Abstract

The single most common cause of sudden death in the western world is coronary artery disease. Sudden death from coronary causes occurs equally in asymptomatic patients, patients with angina, and patients with a known history of myocardial infarction. The mechanism of sudden coronary death in most patients is ventricular fibrillation secondary to ischemia. Microthrombi in intramyocardial coronary arteries may also play a role. Instability of atherosclerotic plaques, in terms of thrombosis and vasoreactivity, underlies the syndrome of unstable angina as well as many cases of acute myocardial infarction. Sudden coronary death falls within this spectrum of ischemic heart disease. Development of these syndromes depends on the abruptness of onset and the completeness and duration of coronary occlusion. Thus a rapidly evolving coronary artery lesion, with plaque fissure, rupture, and luminal thrombosis, can lead to myocardial ischemia, with fatal electrical instability of the myocardium as the first clinical manifestation. The diagnosis of sudden coronary death in the absence of myocardial infarction is determined by the degree of coronary artery narrowing and the exclusion of other causes of death.

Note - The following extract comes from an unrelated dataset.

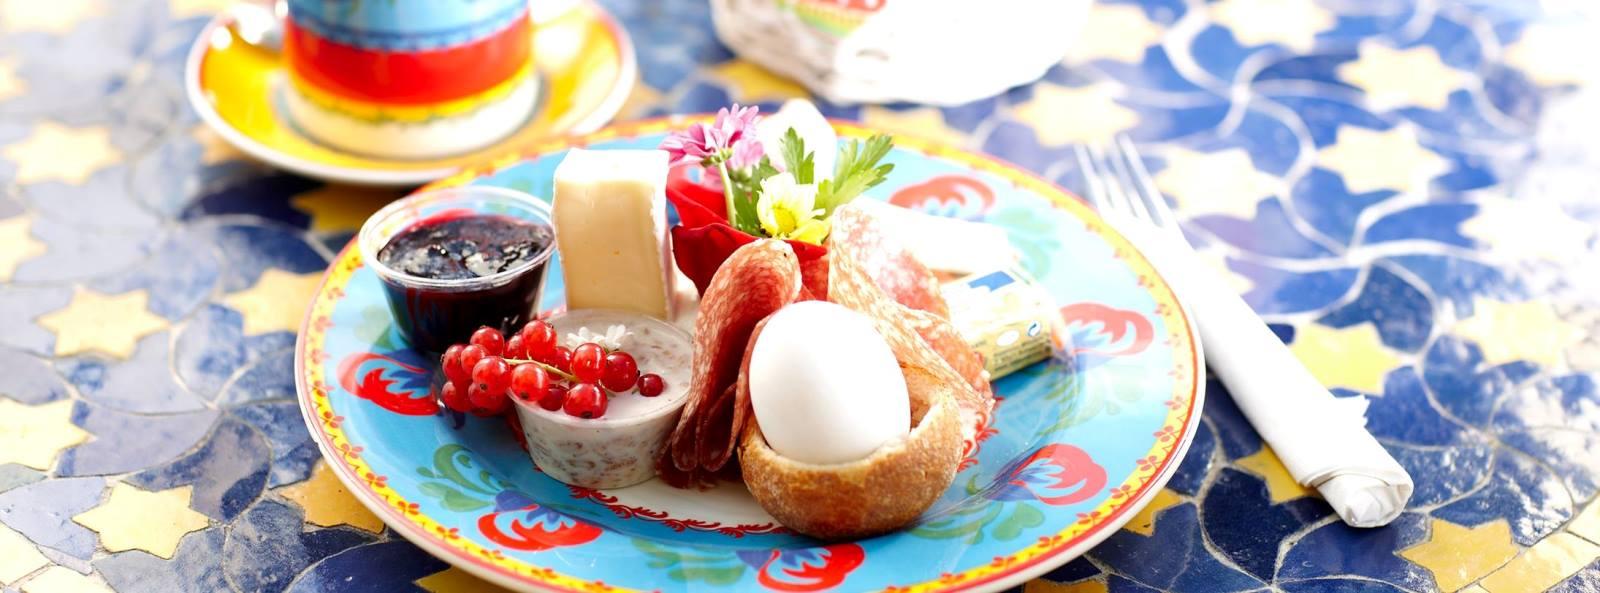 Frühstück im Backspielhaus
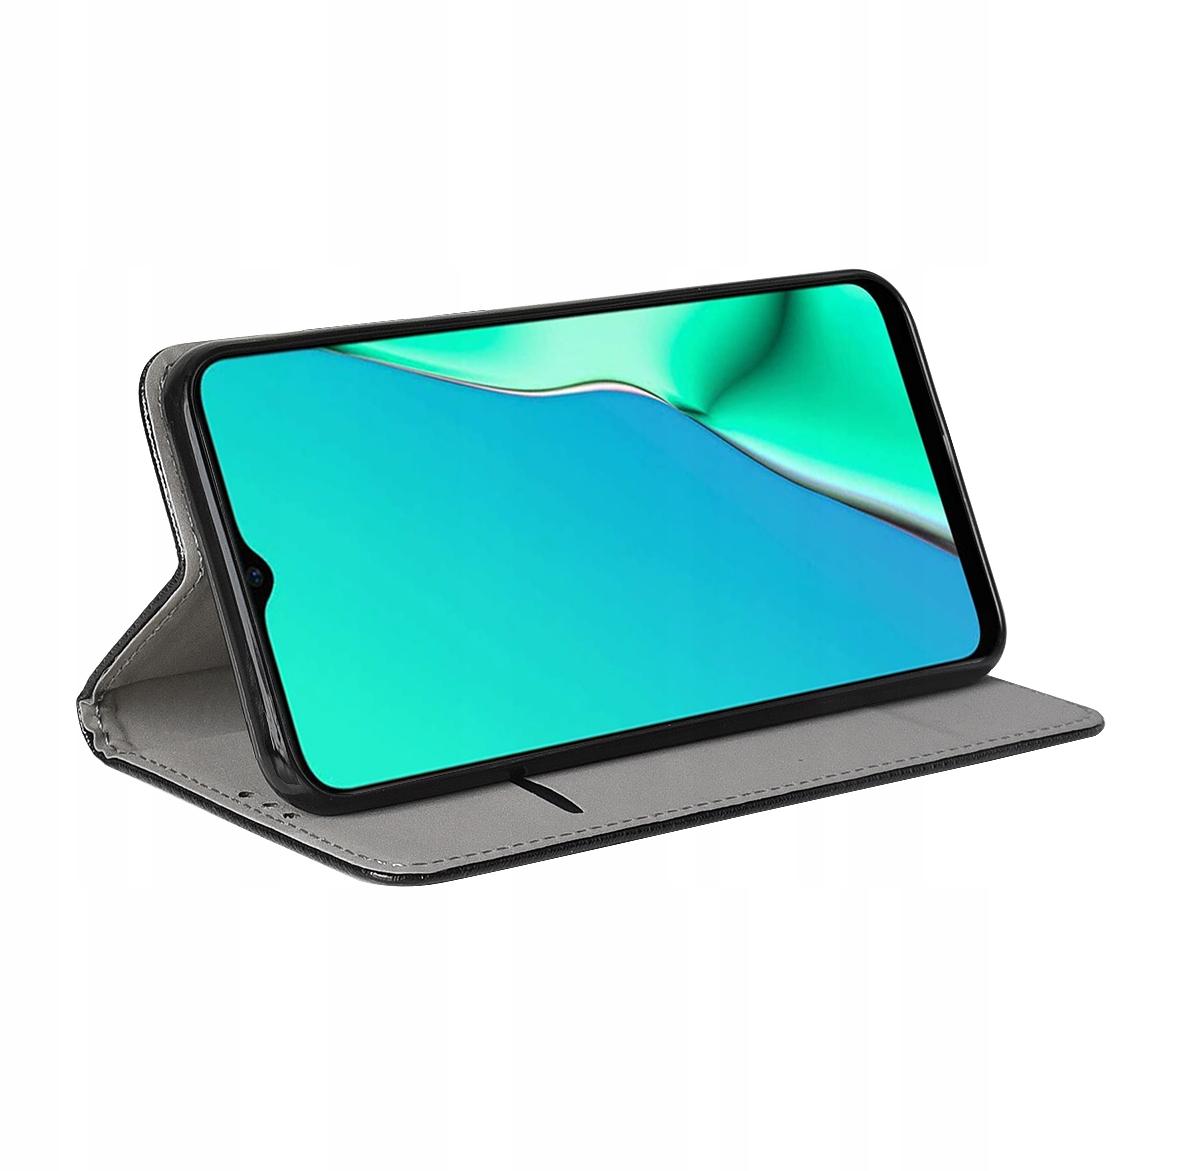 Etui do Oppo A9 2020 Case Magnet Portfel + Szkło Producent KrainaGSM

The presence of acute coronary artery lesions, which may be present in a significant number of sudden coronary death patients, lends support to the pathologic diagnosis. Thus the coronary arteries in victims of sudden coronary death may exhibit established atherosclerotis or acute lesions, whereas the myocardium may appear normal or show healed or acute infarction or hypertrophy. Although less common, nonatherosclerotic coronary artery diseases can account for sudden death as well, particularly in younger patients. Therefore, when sudden death occurs in children and young adults, coronary causes related to congenital anomalies, fibromuscular dysplasia, arteritis, or metabolic diseases should be considered.